A critical step in siRNA-mediated gene expression knockdown studies is the validation of expression inhibition. The QuantiGene Reagent System and the Molecular Devices LMax II384 microplate luminometer were used to measure IL-8 mRNA in PMA-induced HeLa cells, following siRNA treatment. Quantitative assessment of the knockdown discerned differences of less than 10% in mRNA expression levels.

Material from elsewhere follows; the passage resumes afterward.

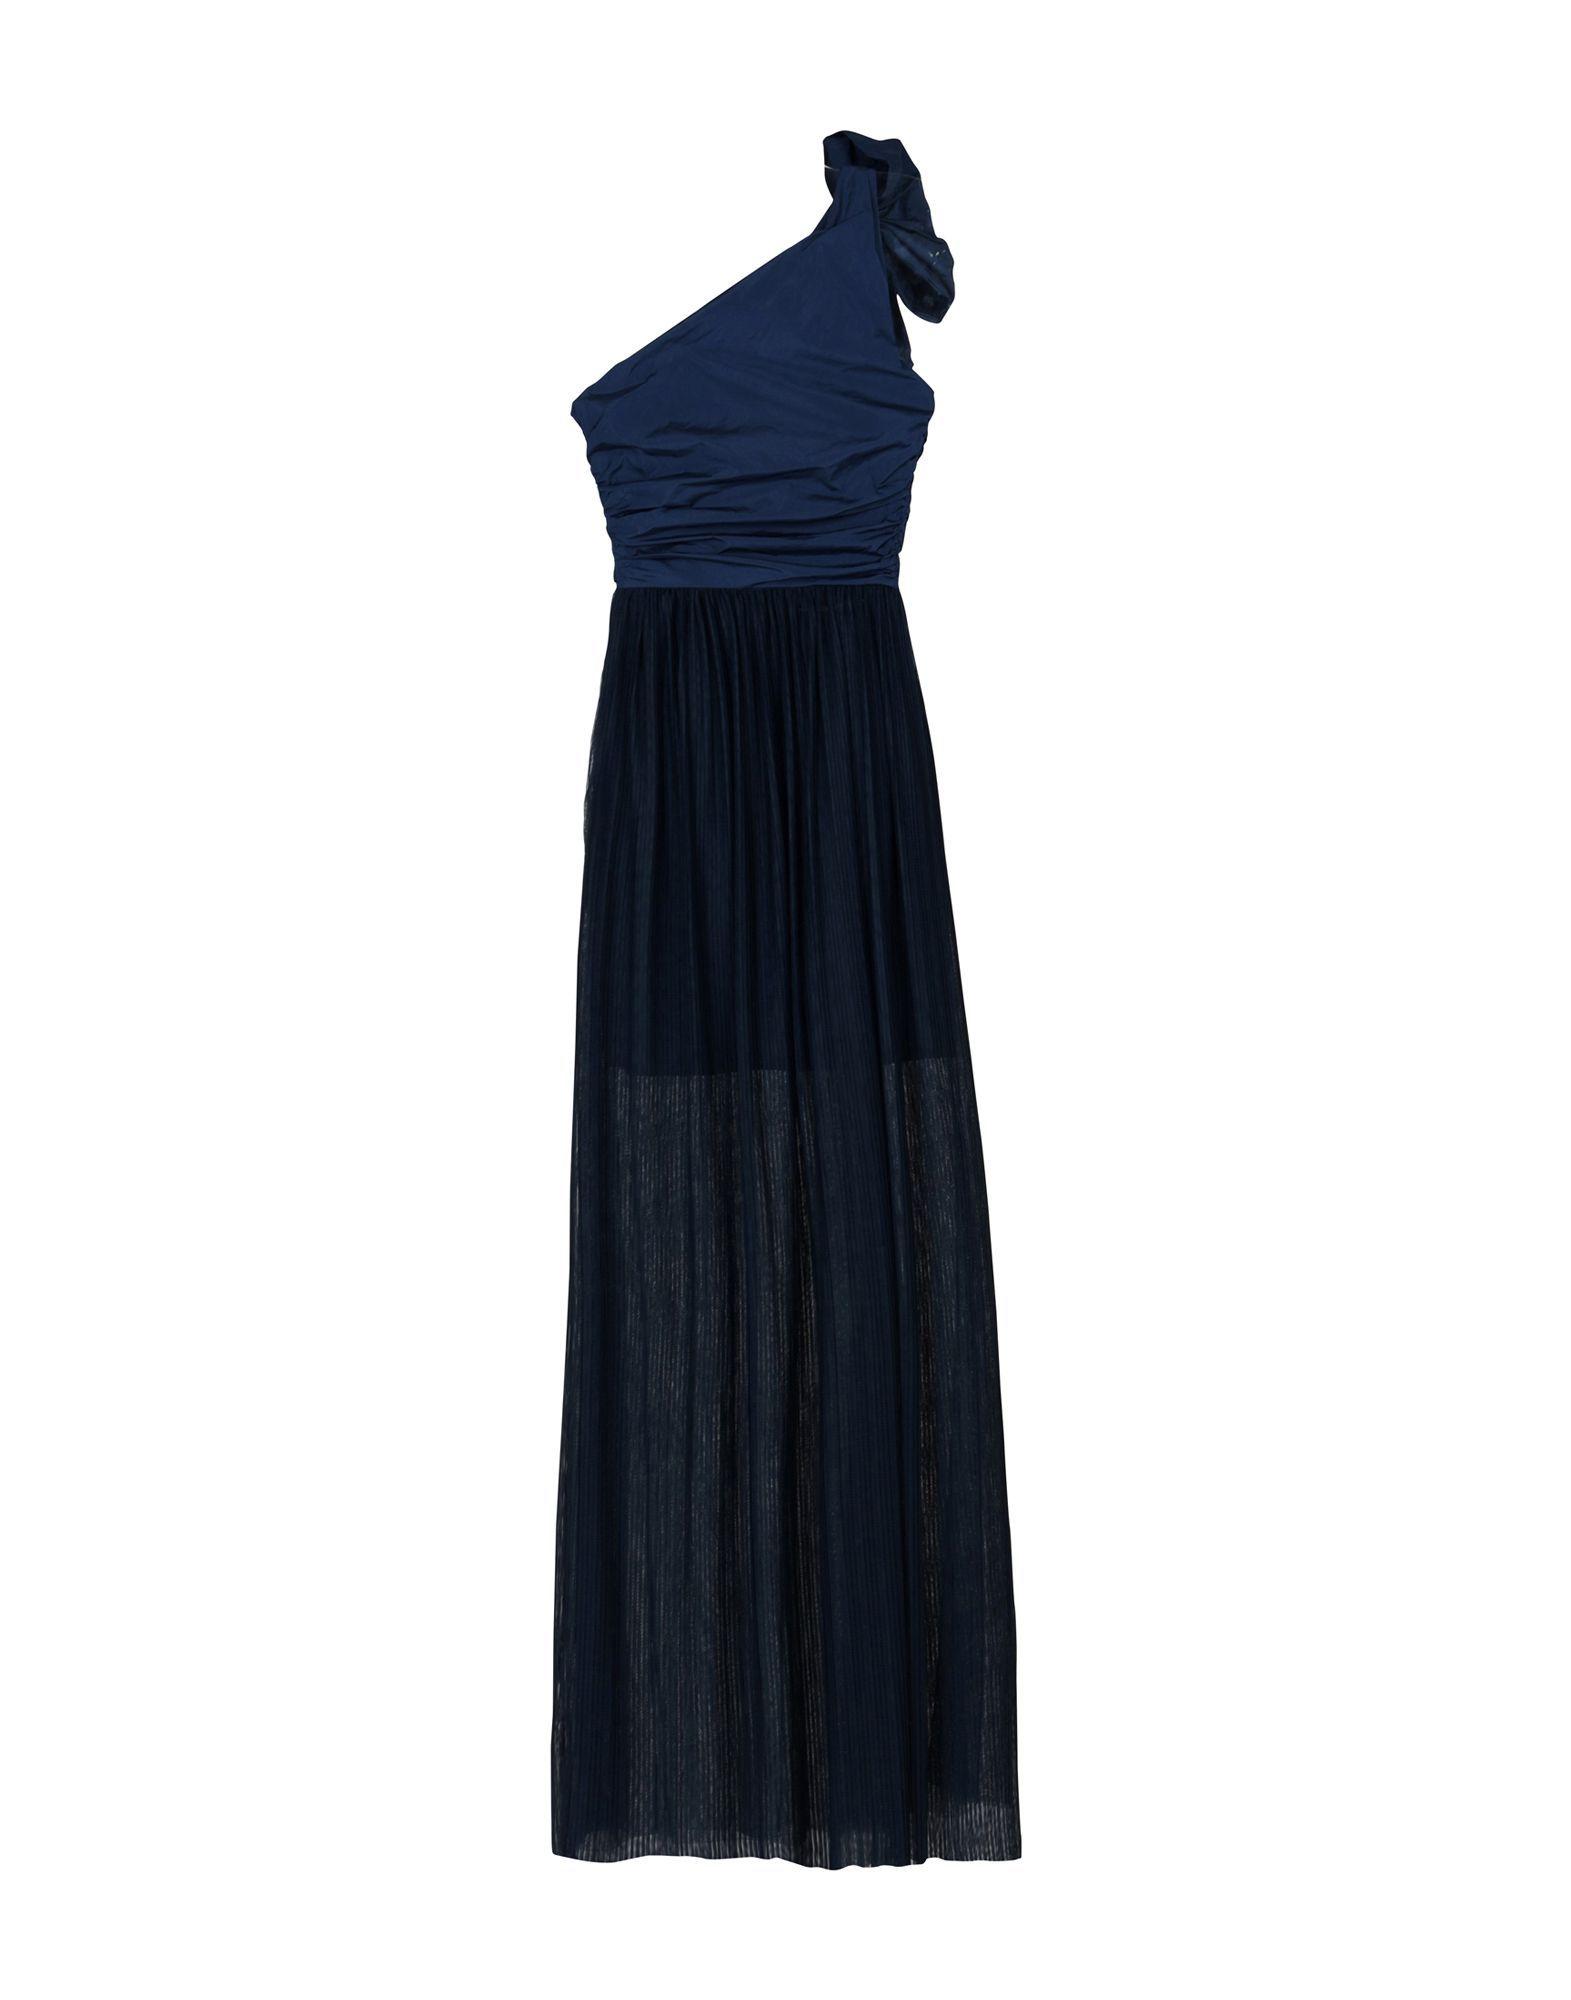 Pinko Dark Blue Full Length Dress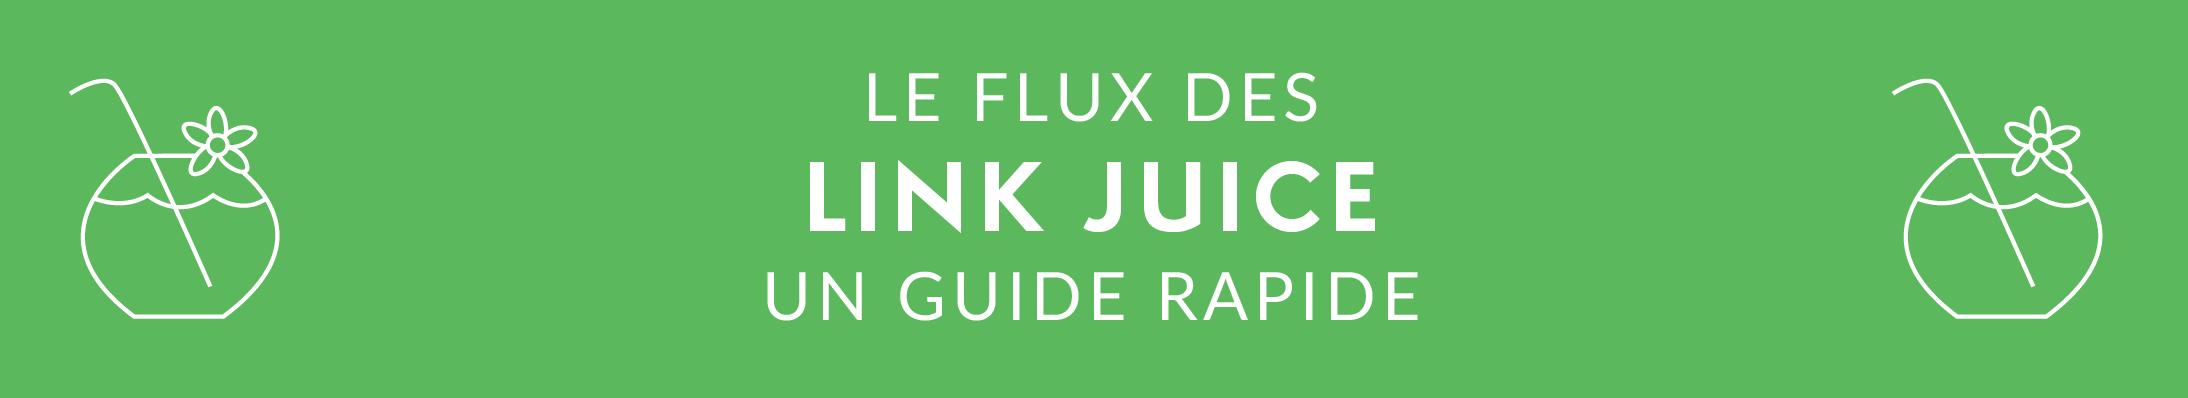 FR - SEO GUIDE - Link Juice

There are many sources of experimental variation that make accurate quantification of mRNA difficult when standard methods are employed. Potency and stability of siRNA coupled with variation in transfection efficiencies lead to varying effectiveness of knocking down of the target genes mRNA(1, 2) and, thus, to variability observed in RNA interference (RNAi) experiments.2 Compounding these factors are variability and inaccuracy arising from differences in sample loss during the RNA purification steps, as well as sequence-specific and random biases that occur during enzymatic amplification processes. This application note presents the QuantiGene Reagent System as an alternative method for direct RNA quantification directly from cell lysates. The siRNA-mediated knockdown of IL-8 gene expression in induced HeLa cells is employed as a model system.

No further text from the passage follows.